Michèle Lamont is a sociologist and is the Robert I. Goldman Professor of European Studies and a Professor of Sociology and African American Studies at Harvard University. She is a contributor to the study of culture, inequality, racism and anti-racism, the sociology of morality, evaluation and higher education, and the study of cultural and social change. She is the recipient of international prizes, such as the Gutenberg Award and  the prestigious Erasmus award, for her "devoted contribution to social science research into the relationship between knowledge, power, and diversity." She has received honorary degrees from five countries. and been elected to several national honorary scientific societies (British Academy, Royal Society of Canada, Chevalier de l’Ordre des Palmes Academiques, Sociological Research Association). She served as president of the American Sociological Association from 2016 to 2017.

Biography
Lamont (born 1957 in Toronto, Ontario, Canada) completed her Bachelor of Arts and Master of Arts degrees in political theory at the University of Ottawa in 1979. She received her Doctor of Philosophy degree in sociology from the French university of La Sorbonne in 1983 and was a postdoctoral fellow at Stanford University from 1983 to 1985. Lamont served as professor at the University of Texas-Austin (1985–1987), Princeton University (1987–2003), and Harvard University (2003–present). She is married to sociologist Frank Dobbin and together they have three children.

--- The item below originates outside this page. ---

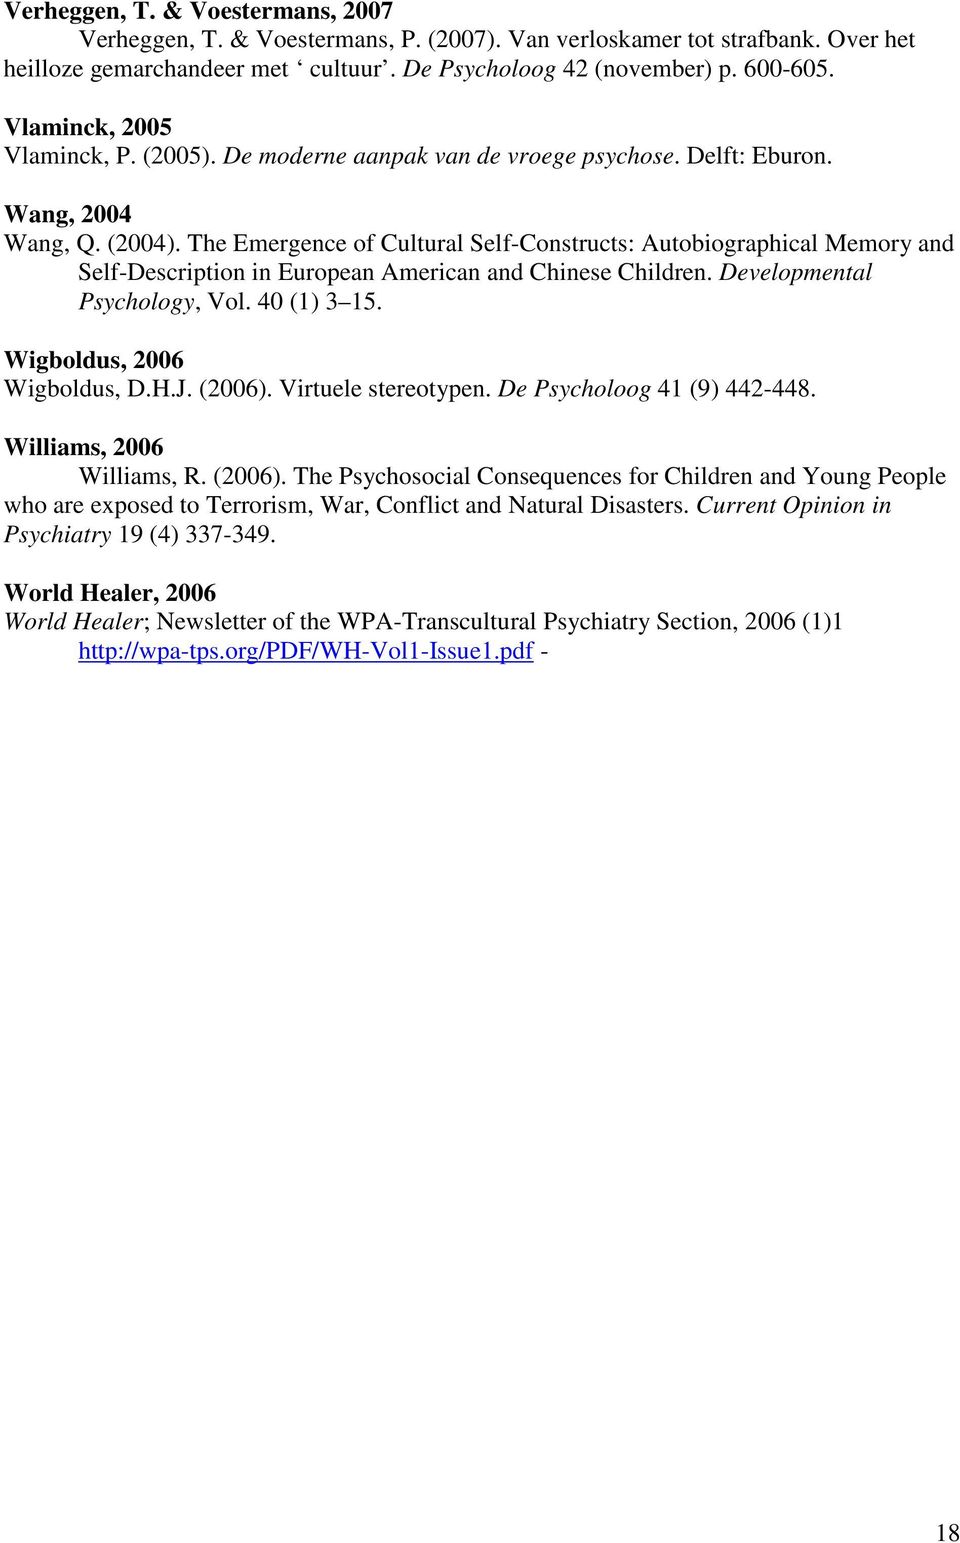 The Emergence of Cultural Self-Constructs: Autobiographical Memory and Self-Description in European American and Chinese Children. Developmental Psychology, Vol. 40 (1) 3 15.

Contributions to Socioology
Lamont's major works compare how people's shared concepts of worth influence and sustain a variety of social hierarchies and inequality. She is concerned with the role of various cultural processes in the creation and reproduction of inequality. Recent publications include the Erasmus Prize-winning essay, Prisms of Inequality: Moral Boundaries, Exclusion, and Academic Evaluation; her co-authored book, Getting Respect: Responding to Stigma and Discrimination in the United States, Brazil, and Israel; and her presidential address to the ASA (ASR June 2018). 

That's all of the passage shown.